NAMESPACE_END  // Donna
NAMESPACE_END  // CryptoPP

The Donna code is used similar to the following in the library source code. Most Donna functions return a useless value and can be ignored.

void ed25519PrivateKey::SecretToPublicKey(byte y[PUBLIC_KEYLENGTH], const byte x[SECRET_KEYLENGTH])
{
    int ret = Donna::ed25519_publickey(y, x);
    CRYPTOPP_UNUSED(ret);
}

Benchmarks

ed25519 performs anywhere from 20x to 30x faster than Certicom's secp256r1 and secp256k1 curves. It is possible to pull more performance out of ed25519 signatures, but you have to switch to one of the latest implementations.

Below are benchmarks from a Core-i5 6400 @ 2.7 GHz.

Algorithm Milliseconds/Operation Megacycles/Operation
ed25519 Signature 0.018 0.048
ed25519 Verification 0.049 0.132
ECDSA secp256r1 Signature 0.515 1.391
ECDSA secp256r1 Verification 1.805 4.874

Below are benchmarks from a LeMaker HiKey Cortex-A53 ARMv8 dev-board @ 1.2 GHz.

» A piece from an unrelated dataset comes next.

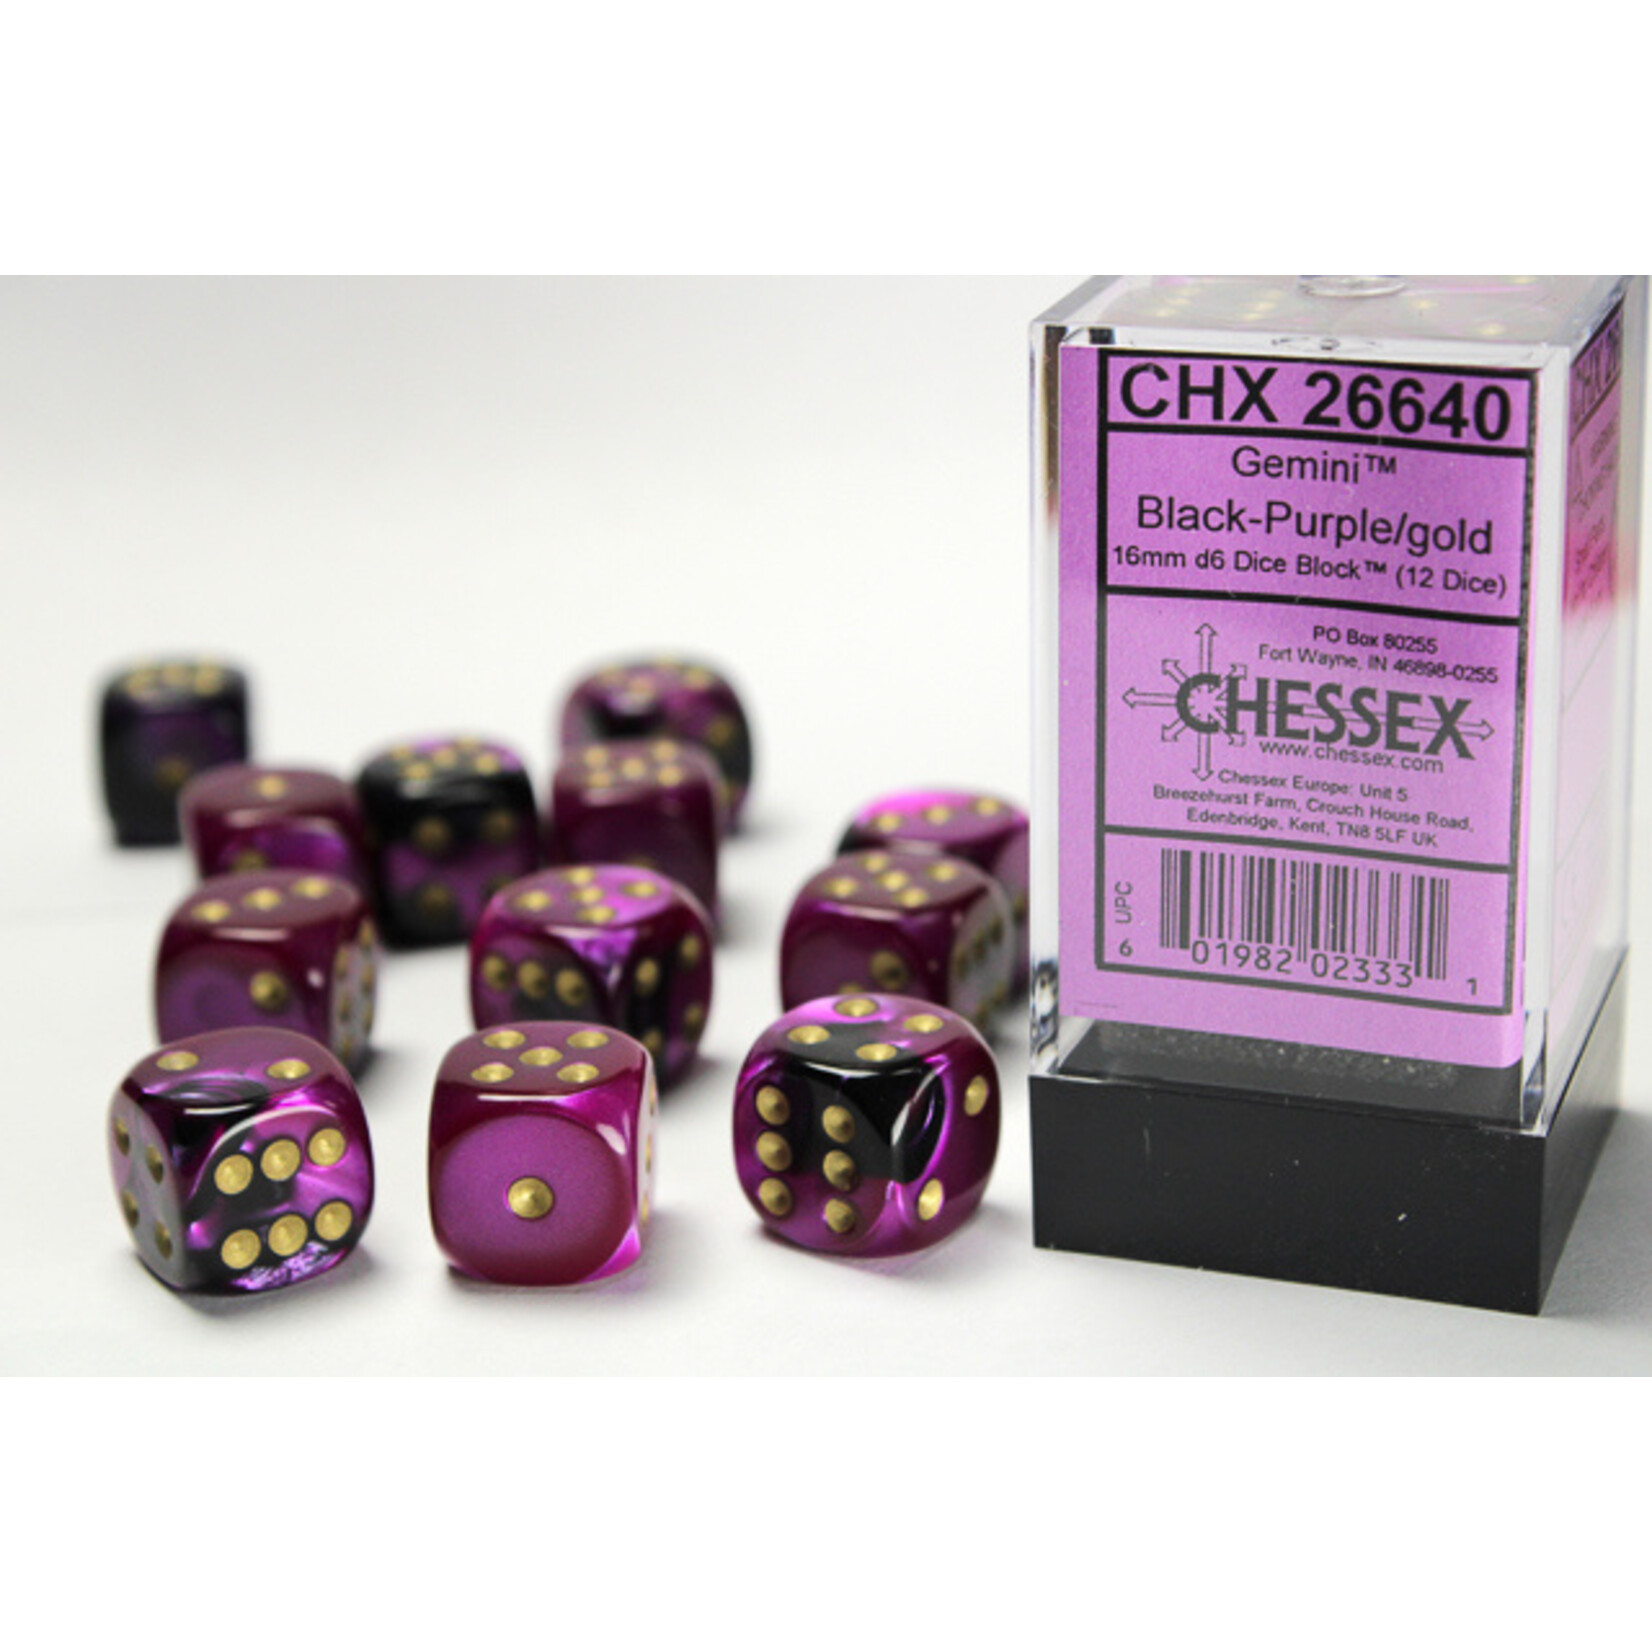 Chessex Chessex 12 x D6 Set Gemini 16mm - Black-Purple/Gold

Algorithm Milliseconds/Operation Megacycles/Operation
ed25519 Signature 0.213 0.256
ed25519 Verification 0.541 0.649
ECDSA secp256r1 Signature 5.420 6.504
ECDSA secp256r1 Verification 16.393 19.672

Below are benchmarks from a CubieTruck Cortex-A7 ARMv7 dev-board @ 1.2 GHz.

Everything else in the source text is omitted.